Task item -
Only one stretch of the data below is needed. Output the lines from the one with "1916 Sikes Furniture" up to and including the one with "Pets vs pets.", exactly as they stand.

Given information -
---
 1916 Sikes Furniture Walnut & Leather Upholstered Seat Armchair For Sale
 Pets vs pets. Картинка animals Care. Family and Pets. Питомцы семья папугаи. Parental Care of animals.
---
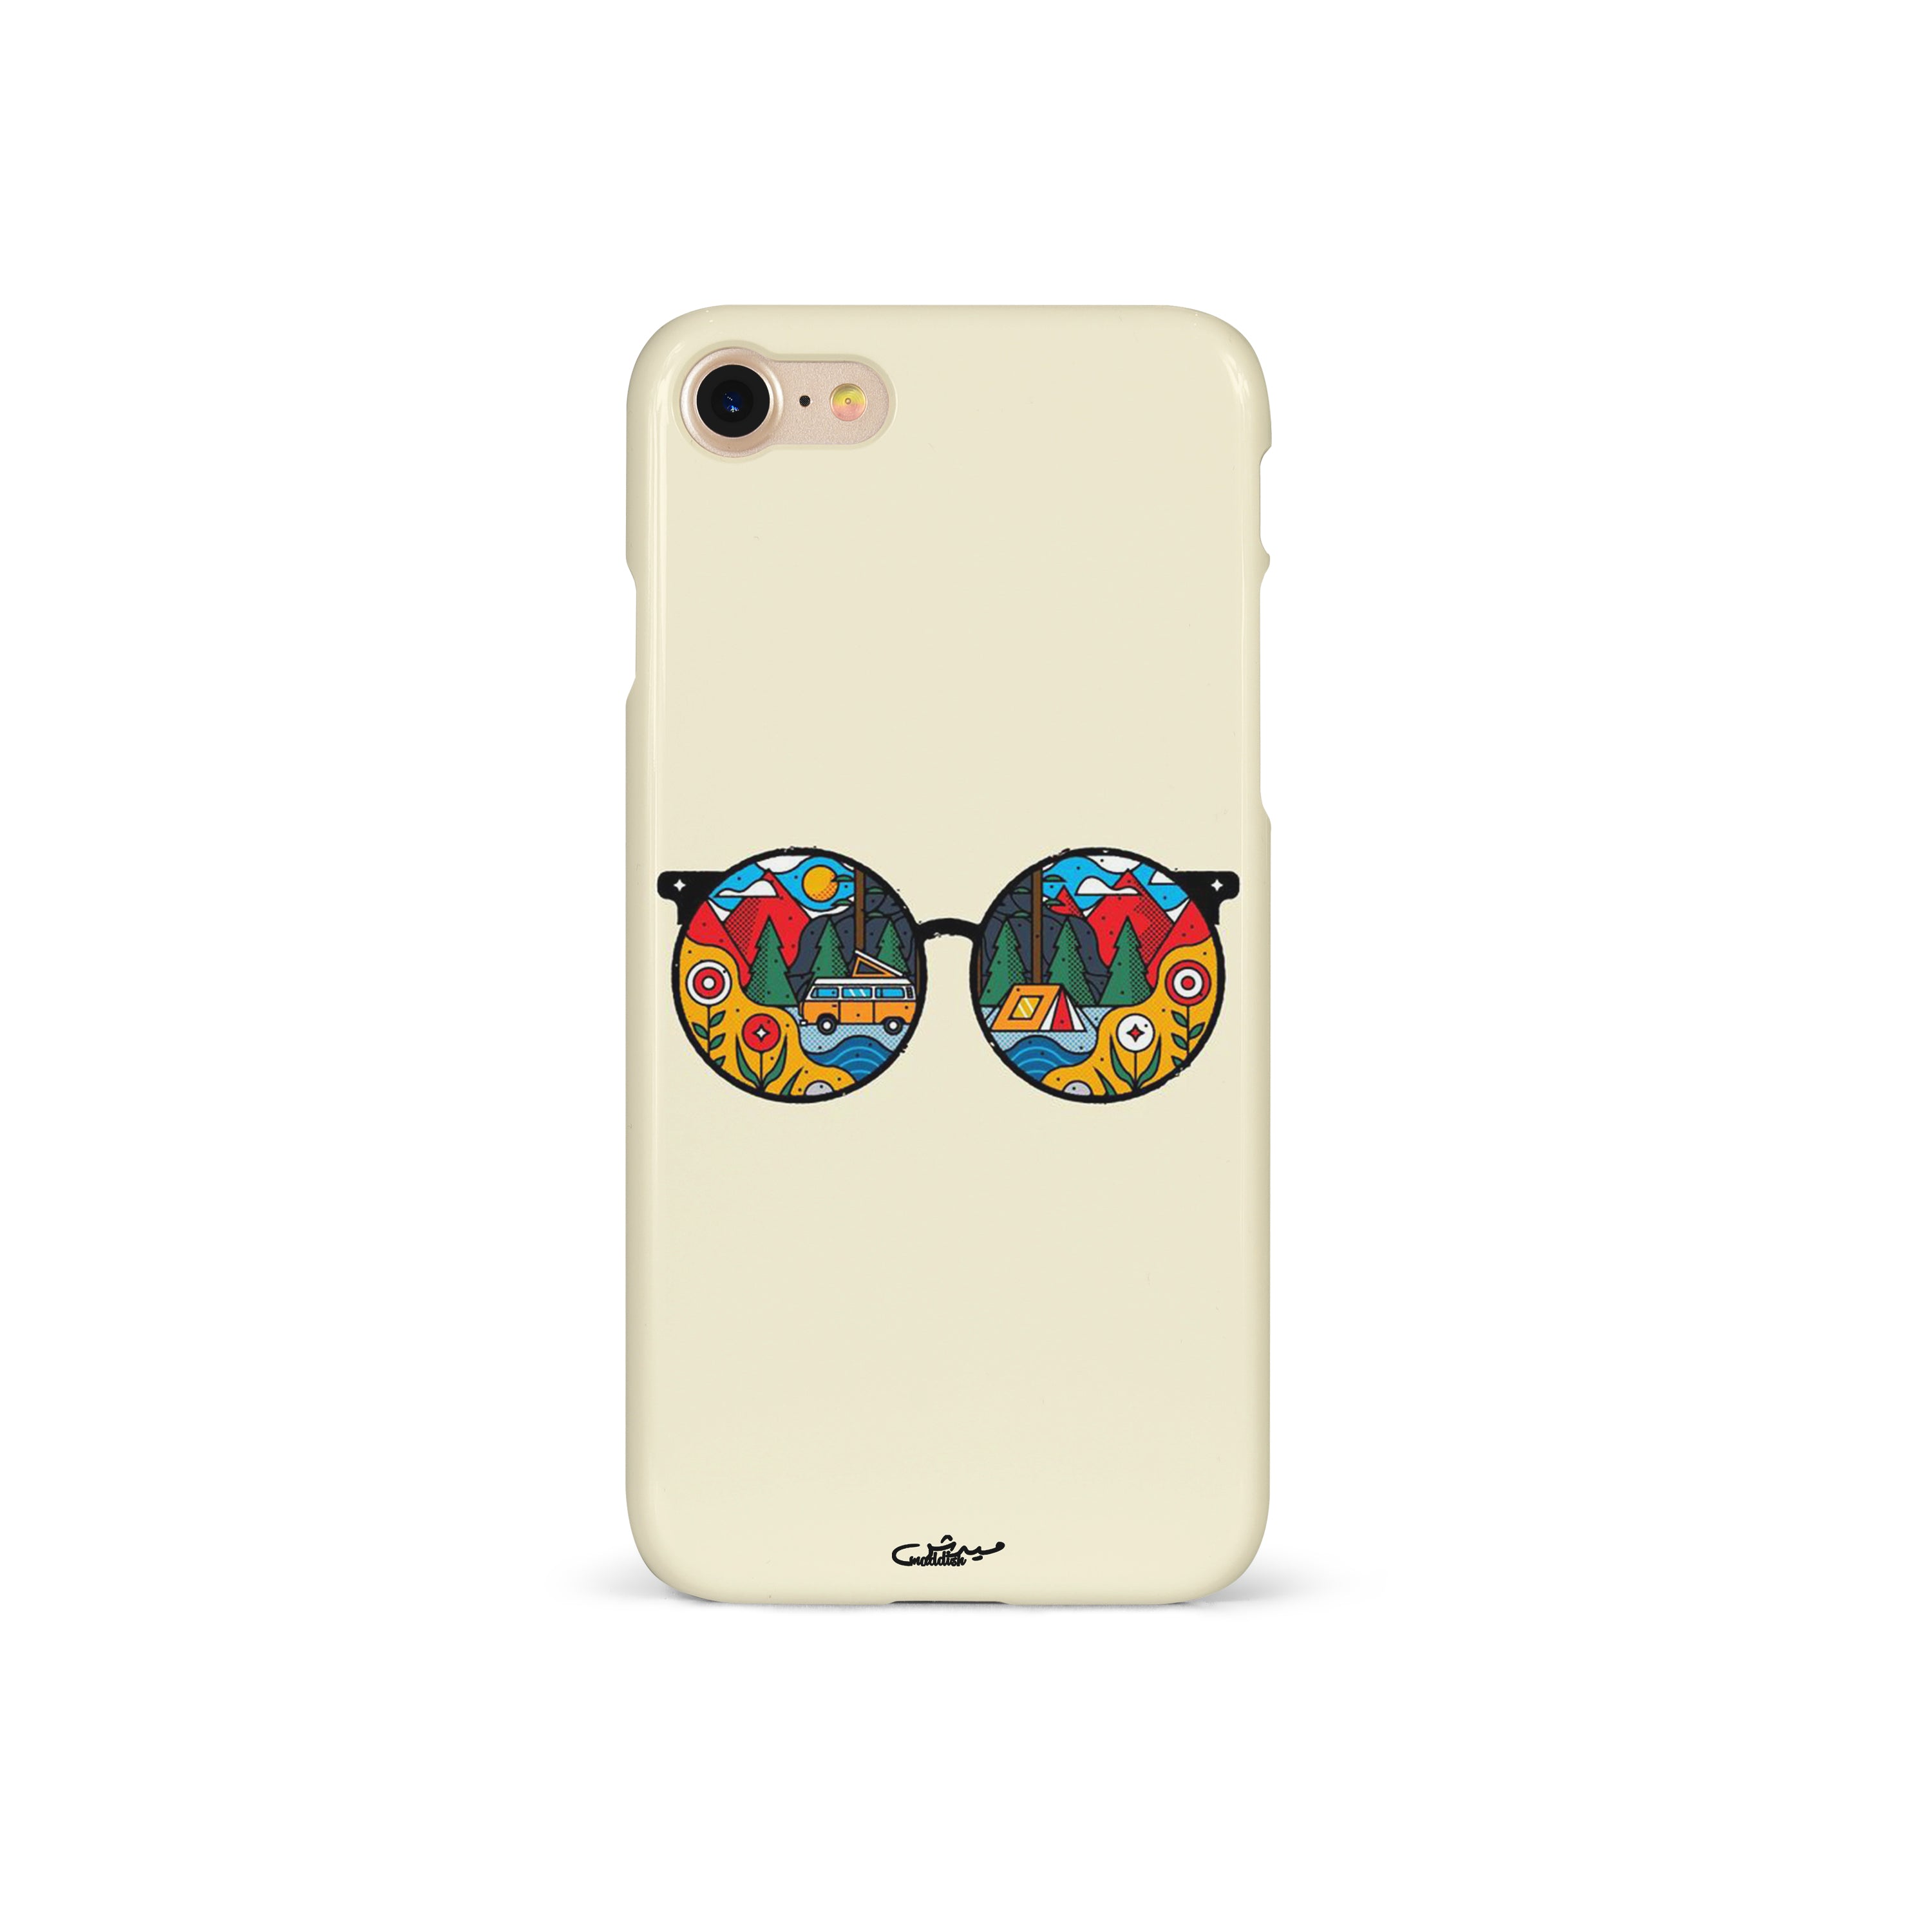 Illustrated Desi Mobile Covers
---
Answer below -
 1916 Sikes Furniture Walnut & Leather Upholstered Seat Armchair For Sale
 Pets vs pets. Картинка animals Care. Family and Pets. Питомцы семья папугаи. Parental Care of animals.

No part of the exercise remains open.